When you have a personal standard, it becomes more than just a mantra, it becomes your creed. You alone know when you live up or fail to live up to this creed. It becomes a part of you if you take it seriously enough. With a personal creed, with your personal standard, you can rely on yourself when you don’t have the luxury of others. It’s your life and having an individual standard to hold yourself to helps you retain control.

With your personal standard held at your core, it’s important to not let others infiltrate and poison the creed you hold dear. The world has evolved to accept that just participating is good enough. That if you don’t hit your goal, it’s okay because you tried your best. Don’t believe it’s okay because someone else tells you it is. Don’t let others define your process after you have spent weeks, months, and years living to your standard. You alone know the capabilities of what living to your standard can do for you.
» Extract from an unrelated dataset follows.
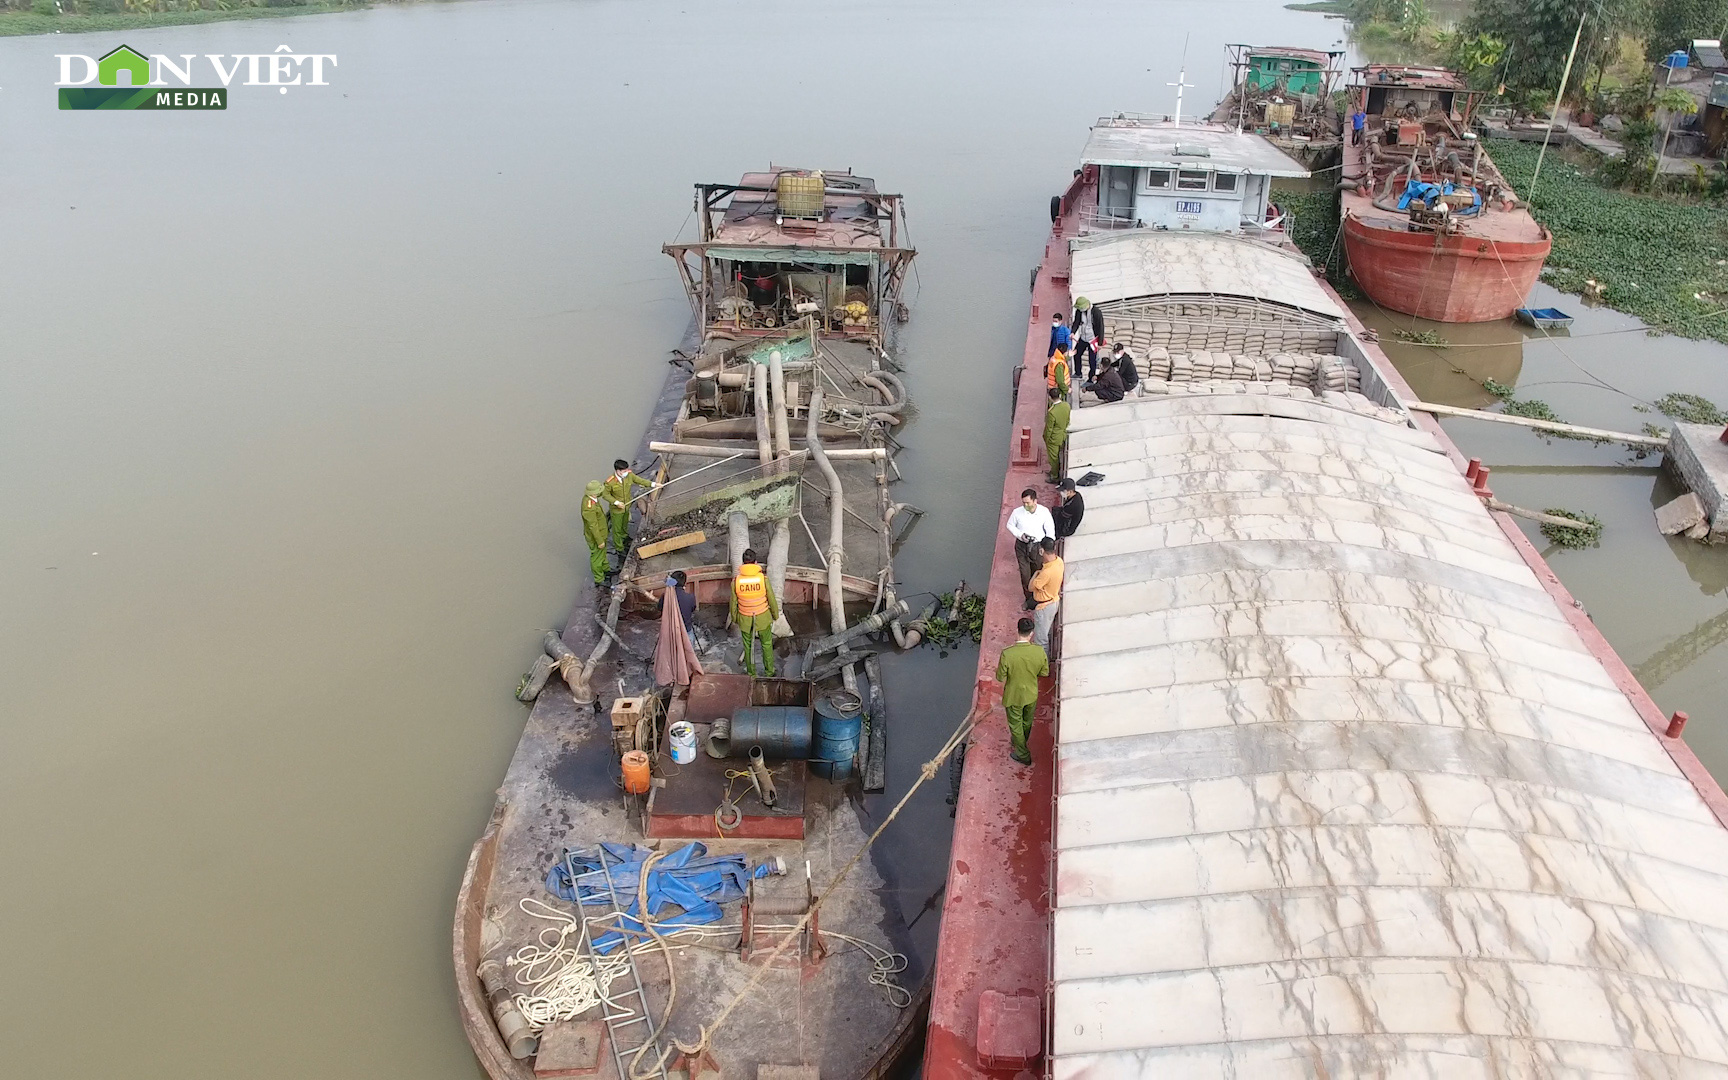 Hải Dương: Bắt quả tang tàu khai thác cát trái phép trên sông Thái Bình
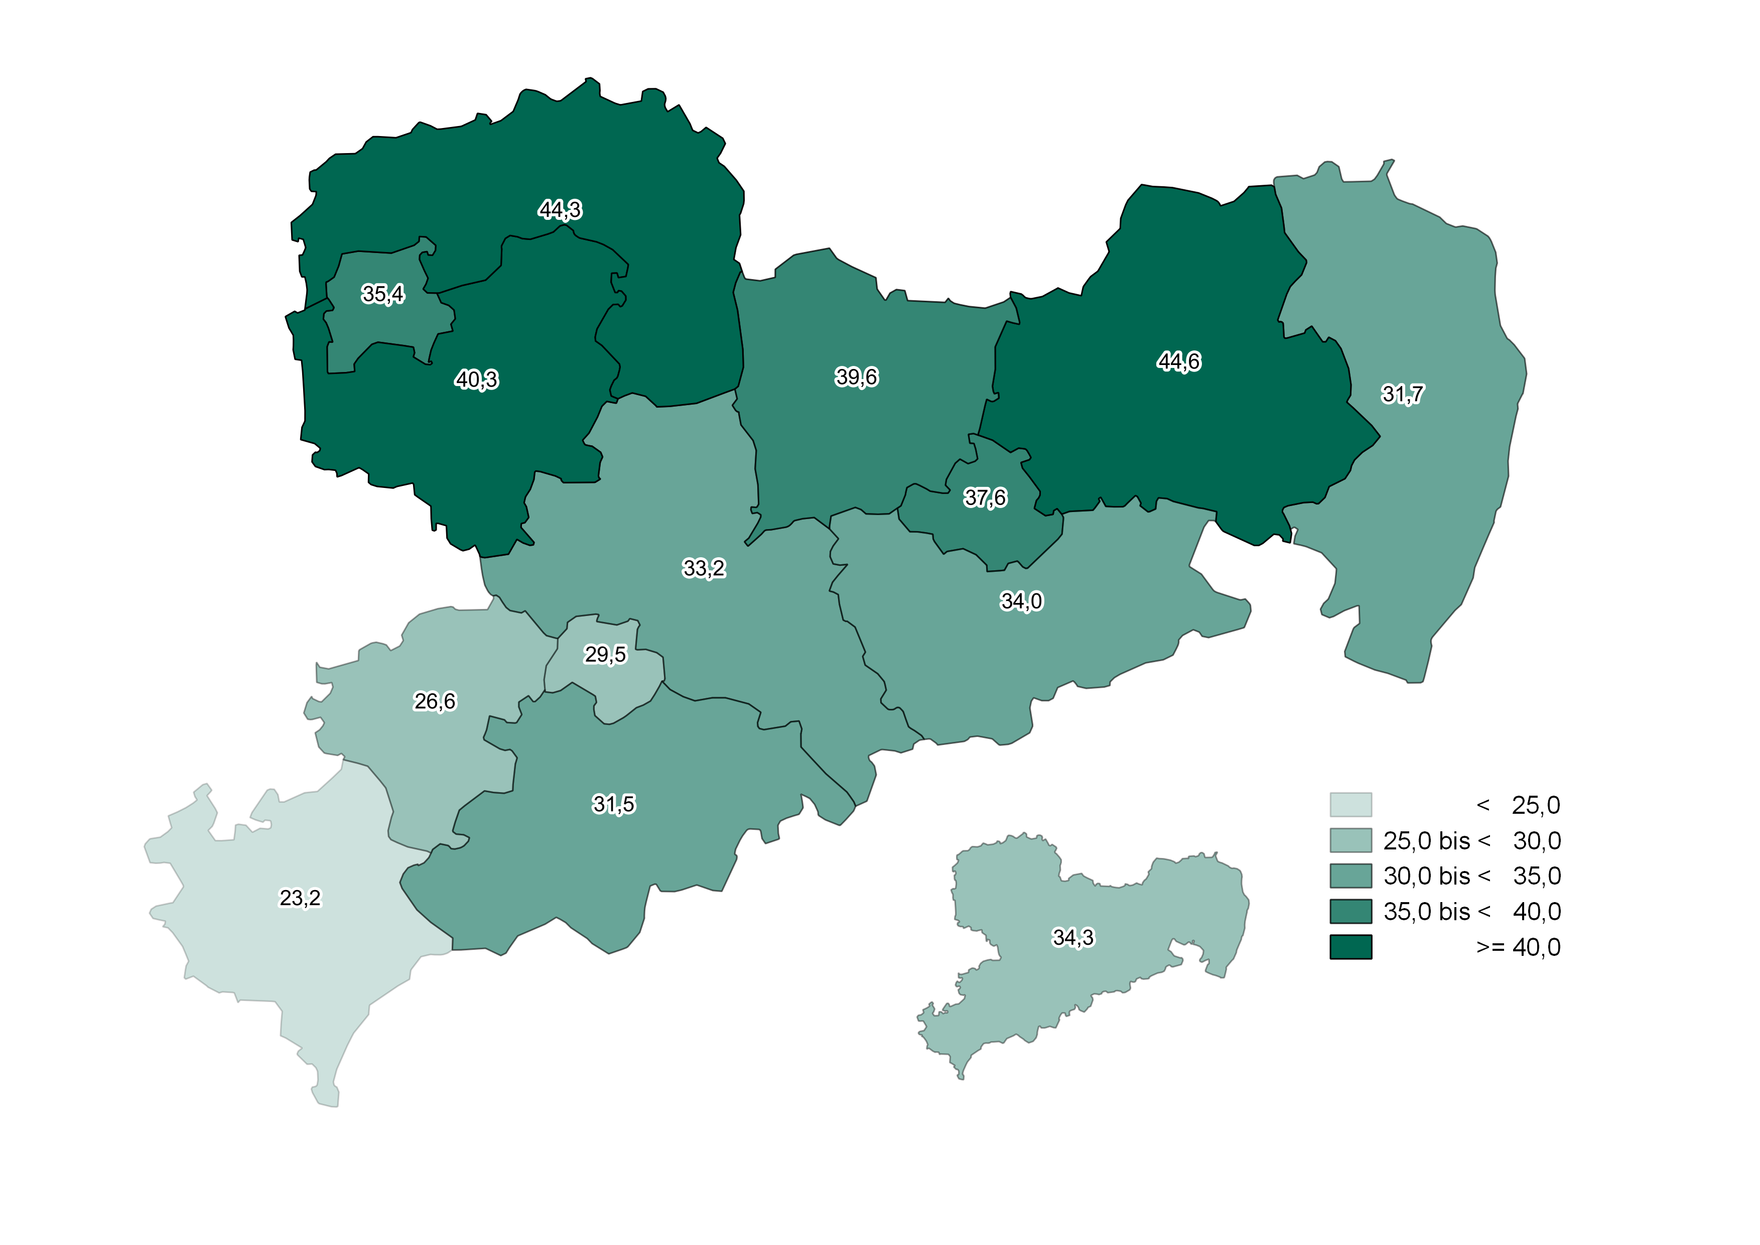 In den Landkreisen Leipzig, Nordsachsen und Meißen war der Anstieg der Bevölkerung über 80 Jahre mit bis zu 44,6 Prozent am höchsten. Im Landkreis Vogtland mit 23,2 Prozent am niedrigsten. Der Durchschnitt für Sachsen lag bei 34,3 Prozent.

You can let others soften the blow of any missed goal externally, but internally it should only fuel your fire more. They don’t know what you went through leading up to your performance. They weren’t there day in and day out as you held yourself to your standard. They think what you did was good enough because they lack the insight, knowledge, belief, and fundamental fire that your standard—your creed provides. All failures and shortcomings are opportunities to learn more based on the feedback you receive. You can accept your failure and still get back into the laboratory to refine your processes so you never feel the same sense of failure again.

You need to hold yourself to your standard, no matter what else other people tell you. You alone know what is up to your standard. You alone know how it feels to be so close to your goal and then fall short. You alone know it’s not okay, it’s not good enough because you tried. You alone know that with any failure comes an opportunity to regroup and attack again. You alone know what it’s like to hold yourself to your standard.

I didn’t reach my marathon goal, room to learn and grow.